A new model of poker player behavior reproduces results from actual games . By Christopher Mims www.sciam.com
Clément Sire isn't just a statistical physicist—he's also a champion bridge player. Combining his love of physics and games, he has created a model of the poker variant Texas hold 'em that enables him to do everything from predicting the length of a tournament to figuring out his ranking simply by assessing the average size of his opponents' fortunes.
It may seem like an odd way to spend his time. After all, isn't physics supposed to be about particle colliders and superconductivity? "Physicists," Sire explains, "are now more than ever involved in the study of complex systems that do not belong to the traditional realm of their science."
Sire, of the Laboratory of Theoretical Physics, University of Toulouse, France, published his work Universal Statistical Properties of Poker Tournaments on arXiv.org. He used real data from online poker tournaments and found that it matched the results of his model.
"What's exceptional about this paper is that Clément somehow took what seems to be a complex and mysterious system and quantified it [with the tools of statistical mechanics] in a very precise way," says Sidney Redner, a physicist at Boston University who works on related problems.
Poker is an especially attractive subject, because it's one of the few truly isolated systems. Unlike, say, the stock market, which is often governed by factors such as politics, war and weather, poker tournaments are not affected by external phenomena. As a result, even Sire's simplified model of Texas hold 'em appears to mathematically express many features of the game that experienced players would recognize.
In the model, poker hands are represented by a random value between 0 (bad) and 1 (best possible). The "blind,” or minimum, bet for any table of 10 players gradually increases as the tournament progresses. In any given hand, players can either fold, bet the blind, or go "all-in," as in bet all of their chips.
Sire's model includes functions that reproduce the most basic tasks a poker player must carry out, such as deciding whether to bet strictly on the strength of his or her hand. Using the model, Sire discovered that there is an optimal value for a player's tendency to go all-in. This value, which he calls q, varies depending on whether a player has few or many chips. But any player, whose average tendency to bet the farm deviates from q, is going to win less often than a player whose tendency to go all-in is closer to q, he says.
One feature of Sire's model came directly from his own experience playing in poker tournaments. "I noticed when playing that when I had twice the number of chips as the average," he says, "I was typically in the 10 best people of a 100-person tournament."
Curious, he used data from his model to graph the rankings of players versus the number of chips they held. He found that his anecdotal observations were correct and, also, that his model almost perfectly matched the data he had gathered from online poker tournaments.
You're Only as Rich as the Size of Your Tournament
Sire also discovered that the maximum number of chips held by the "chip leader," or the player with the most chips at any given time, as well as the total number of chip leaders, are both a function of the number of players who enter a tournament. (Specifically, they're proportional to the logarithm of the initial number of players.)
"This phenomenon has been observed in many different models involving competing agents," Sire notes. "In models of biological evolution, it shows up where you have many species who compete and there is one prominent, or leading, species."
In Internet Texas hold 'em poker tournaments, the minimum bet goes up exponentially over time, which means that it increases by a factor of 10 every hour or two. Tournament organizers do this to ensure that tournaments with 10,000 players don't take 100 times longer to complete as those with only 100 players.

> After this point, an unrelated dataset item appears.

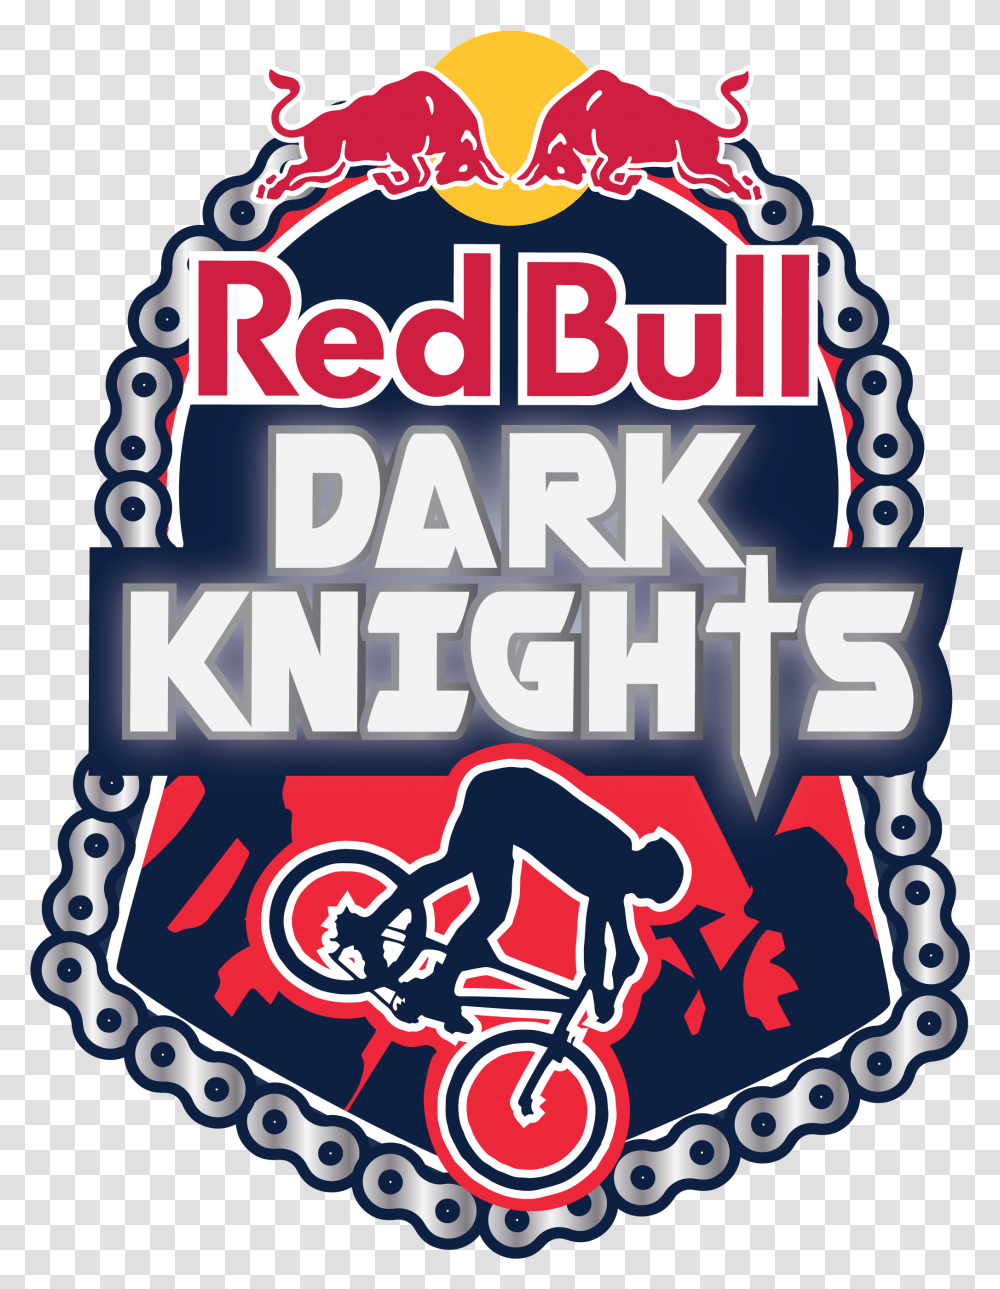 Red Bull Dark Knights, Label, Logo Transparent Png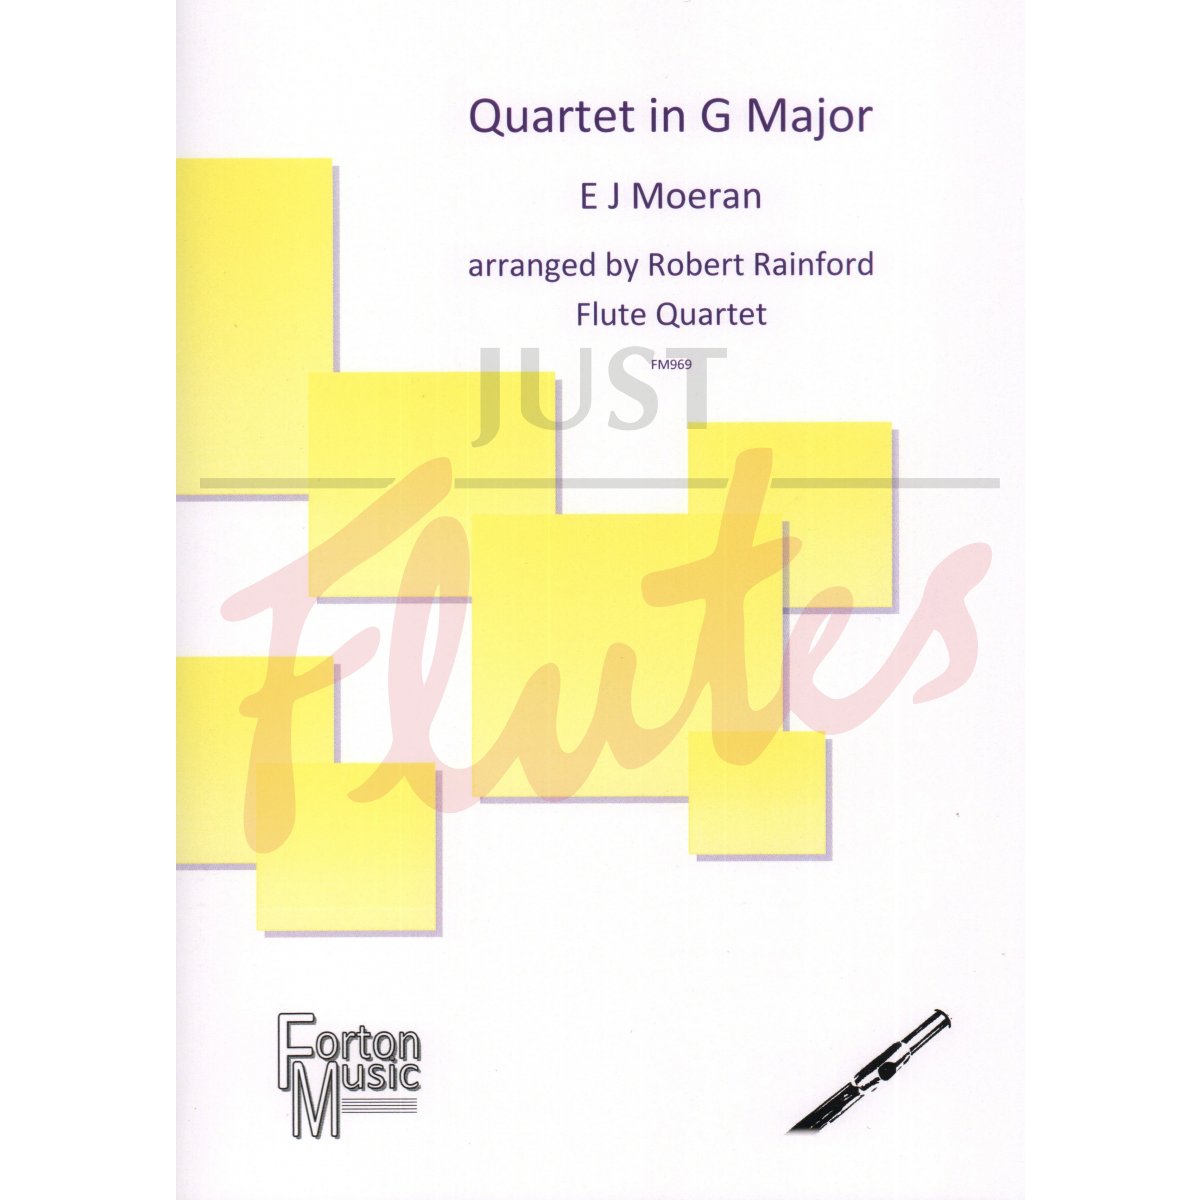 Quartet in G major arranged for Flute Quartet

"The increase of the [minimum bet] in tournaments is only to ensure that the number of players decreases sufficiently fast," Sire says. "What's interesting is that organizers must intuitively know this, even though they don't know the math behind it. Essentially they have estimated the rate at which they should increase the blind, but with [my model] they can control very accurately the duration of the tournament."
Winning with Physics
Sire's ability to reproduce many of the characteristics of a poker tournament indicates that, when taken as a whole, the features of these tournaments are entirely predictable. Before anyone attempts to use Sire's model to plot a winning strategy, however, they should take heed of Sire's findings.
t turns out that the distribution of the "stack," or fortune, of the chip leaders across tournaments mirrors the pattern found in the distribution of maximum temperatures during every August in history or countless other natural phenomena where physicists have attempted to predict the nature of extreme values. This pattern, called the Gumbel distribution, means that the frequency with which chip leaders accrue fortunes of any given size is, in a way, a natural phenomenon that arises as much from the characteristics of the game being played as from the dispositions and abilities of those playing it.
"To have the Gumbel distribution show up here makes sense in hindsight," says Redner, "but it is beautiful to see someone find it in this area for the first time."